How did you yourself get interested in this area?

Kayla:

I actually a couple of winters ago I had Myki, my travel card from the Melbourne ticketing system, in my glove because I lose my Myki all the time and so I was putting it in my glove during winter and I touched off with the palm of my hand on the reader and I thought oh that’s actually quite a natural interaction and some people kind of looked at me like I was some weird cyborg freak somehow touching off with my hand, and then I thought “Oh I wonder if this is a thing?” and, you know, started to Google and oh, it is a thing, people are doing this, people are putting stuff in their bodies and they have actually been since 2005. So even though it’s been going on for eleven years there hasn’t been a lot of academic exploration into it.

Gerry:

And you said something about people doing it because it’s functional, I’m not sure that’s the word you used, but is that why people are using it, for function?

Kayla:

Yeah I see people as falling into three somewhat distinct but definitely overlapping categories. So the first is people who have a problem and are looking to solve it. The device is a means to an end. So they’re sick of forgetting their keys, so they’re going to get a little pinch and a chip and insert it in their hand so they never have to deal with it again. These people generally use an NFC or RFID chip for access and authentication.

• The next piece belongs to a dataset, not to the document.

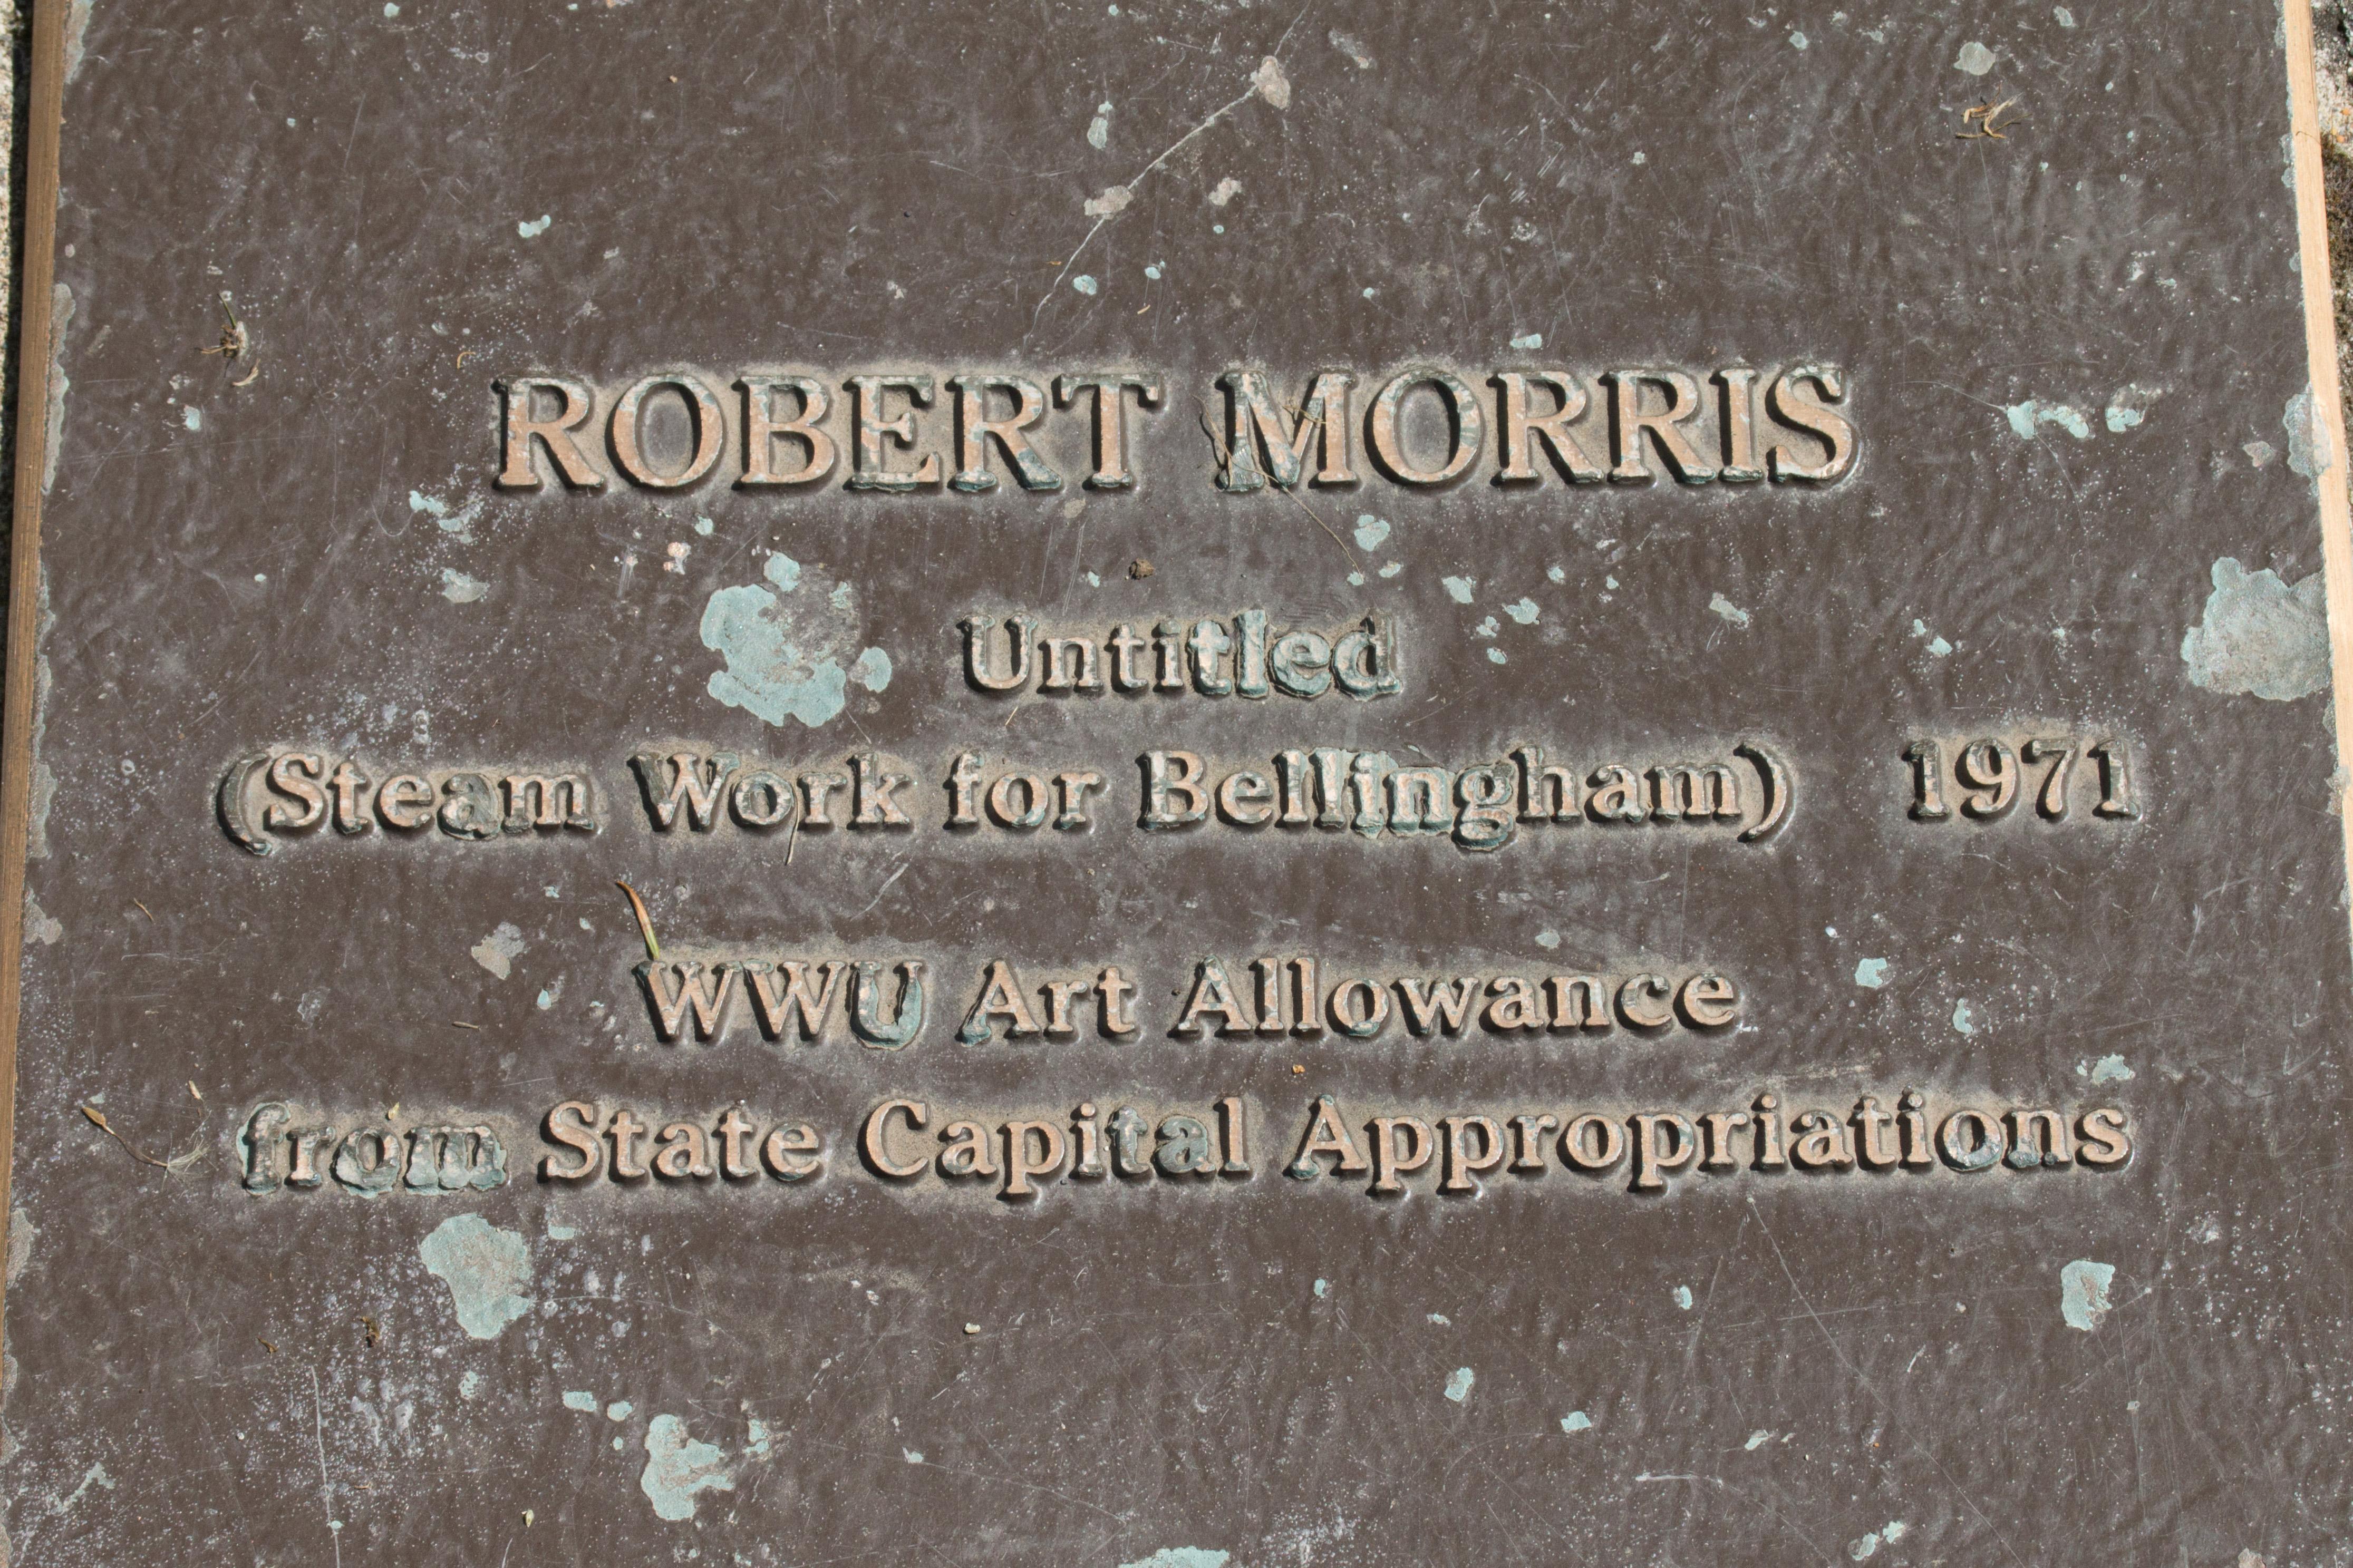 Experience Untitled (Steam Work for Bellingham)- Robert Morris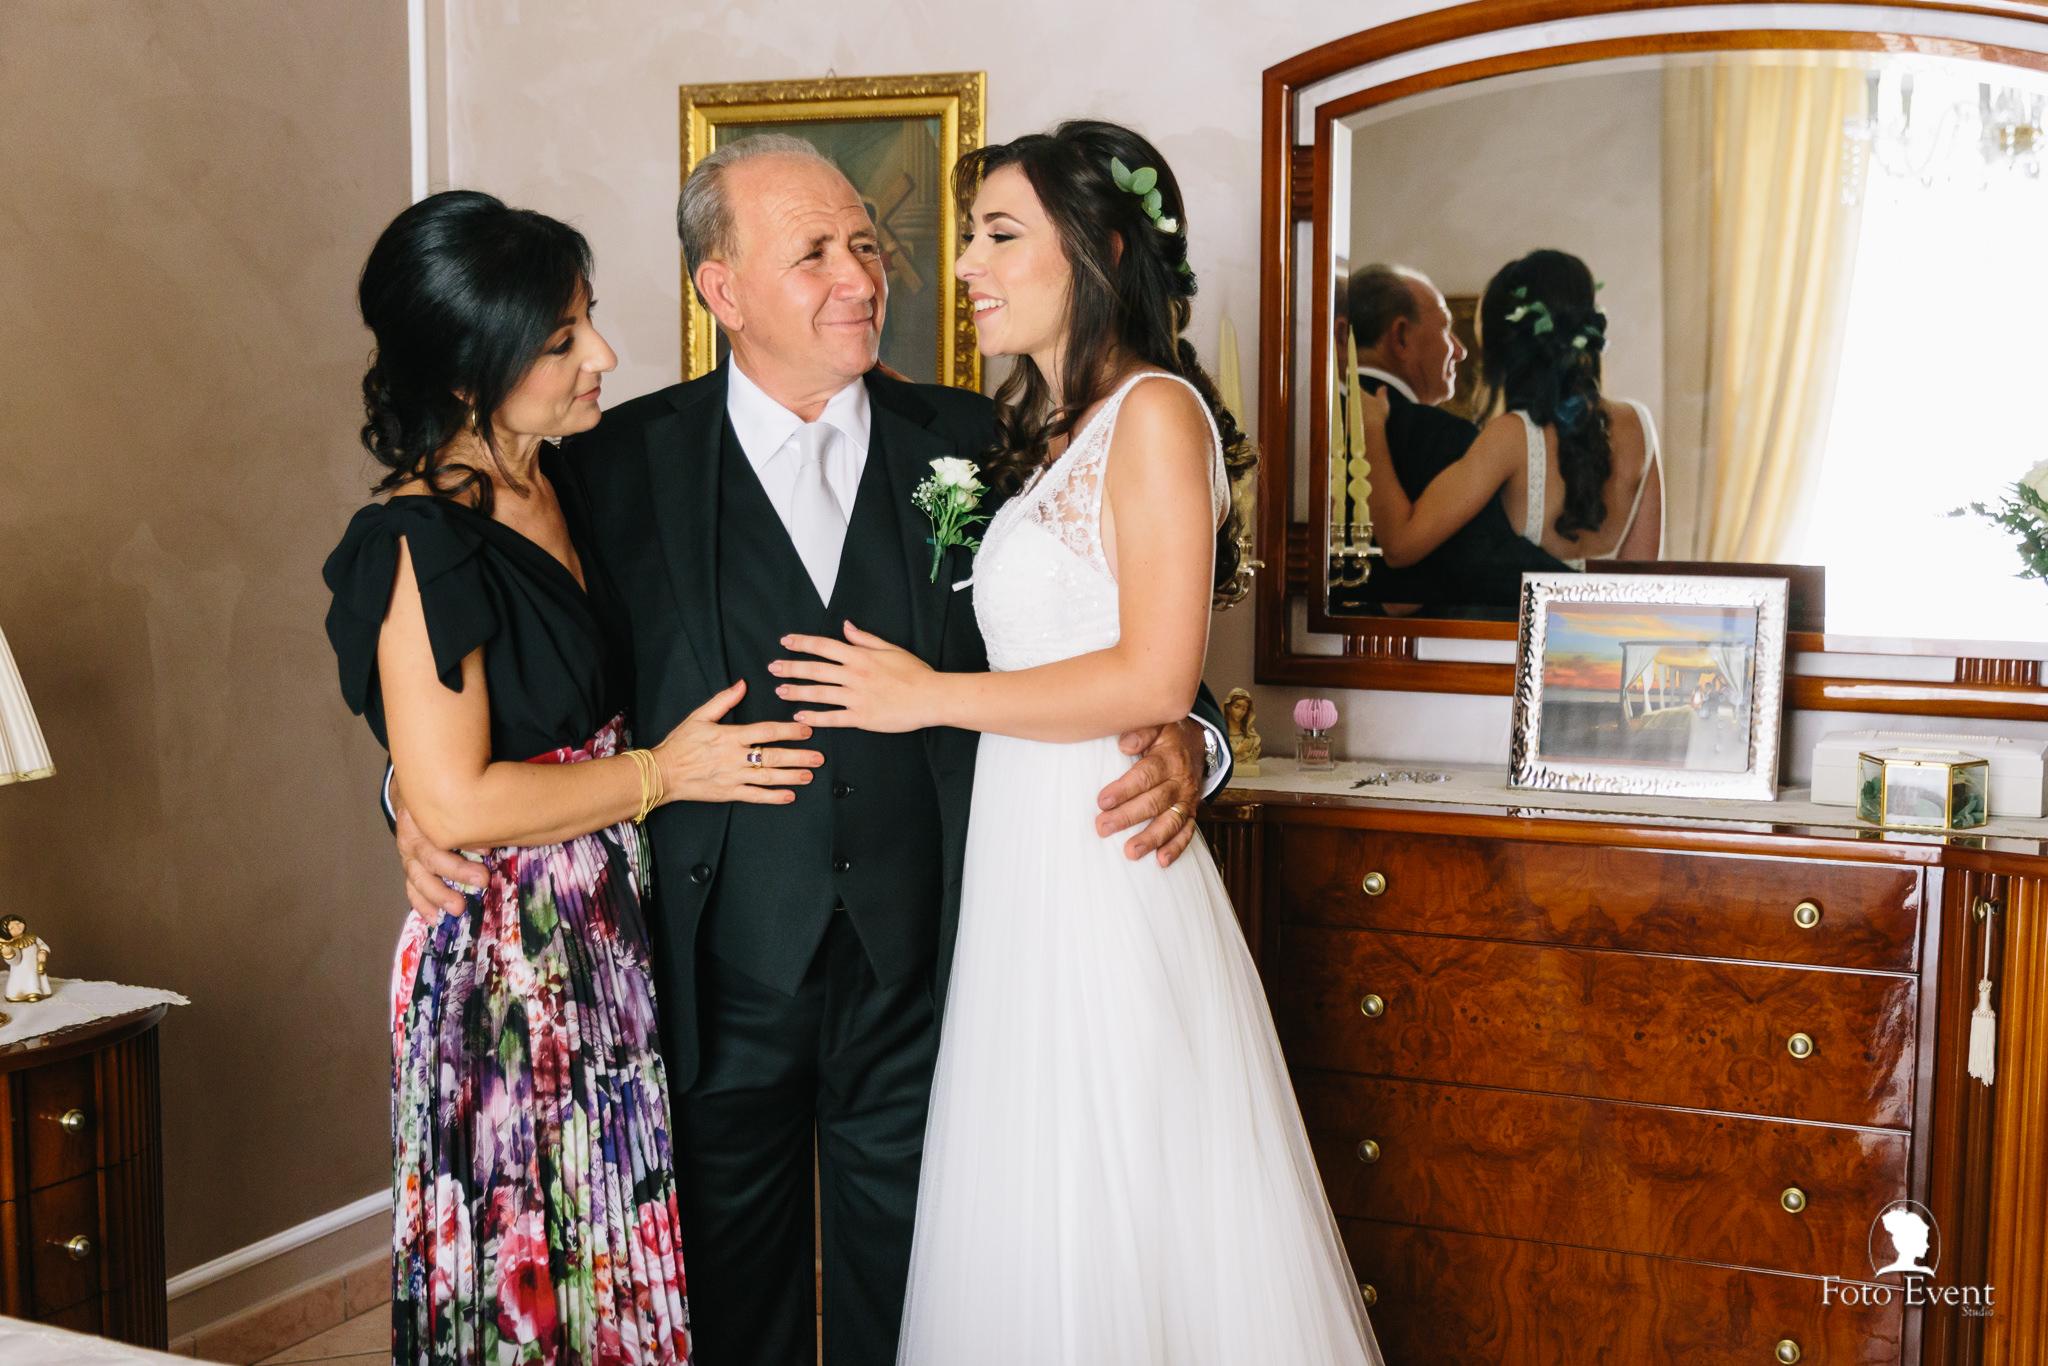 014-2019-08-23-Matrimonio-Lucia-e-Rosario-Scopelliti-5DE-724

And then the next group is the hobbyists, the makers and the hackers who will get a device, sometimes without a clear use for it and just see what they can do. And the third group are those who aren’t really satisfied with being human in a purely biological body and they want to extend their senses. Some of these people are trans-humanists who want to go above and beyond human capabilities, not just fix senses that aren’t working properly but be able to create new senses and transform the human condition.

Gerry:

To be honest with you Kayla, it seems a bit bland or a bit pedestrian to have, you know, an NFC device near the base of your thumb to open a door or something like that. But when you see the insertables enhancing your sensorium it becomes particularly interesting and you mentioned microwaves in your paper. Can you tell us about that?

Kayla:

Yeah absolutely. So for a lot of people the benefit of not having to carry keys isn’t really worth it. But there is, the more mainstream implant for sensorial extension is magnets. So what they do is they insert them near nerve endings which is generally in the tips of the fingers and when you come into contact with an electromagnetic field they vibrate, so it essentially means you can feel or sense electricity voltage and amperage and one of the easiest ways to feel this, and you can even do this at home, if you get a magnet and you tape it to your finger and you hold it near your microwave while it’s on you’ll feel it sort of hum and pull and that’s what they feel right on the nerve endings so it becomes a sense of their own.

Gerry:

So it’s kind of, it’s insertables for the timid, if you like.

Kayla:

[Laughs.] Yes, yeah you can definitely try it out without having to take the plunge.

Gerry:

So that’s just, it’s just vibration that you’re feeling because I was wondering about that when I read the paper and wondering what the stimulation was exactly, so it’s really a vibration?

Kayla:

Yes, yeah.

Gerry:

I wonder how somebody… one of the things that occurred to me was whether, and you do mention this in the paper but people in every other field people are worried about you know even buying something to have on their shelf because it’s going to be obsolete in six months. What about putting a chip in your body that’s going to be obsolete in six months?

Kayla:

Yeah definitely. That is a big issue that comes up so if you look at cats and dogs it’s the same technology that’s in them and so even if you have a 20-year old cat that goes missing the chip can still be read by the vet and because it’s a passive chip that just has an identifier all the intelligence is in matching that identifier with a database. So I’m sure the databases have updated over twenty years and have the latest security protocols and whatever else but the input mechanism, being the chip, can still work.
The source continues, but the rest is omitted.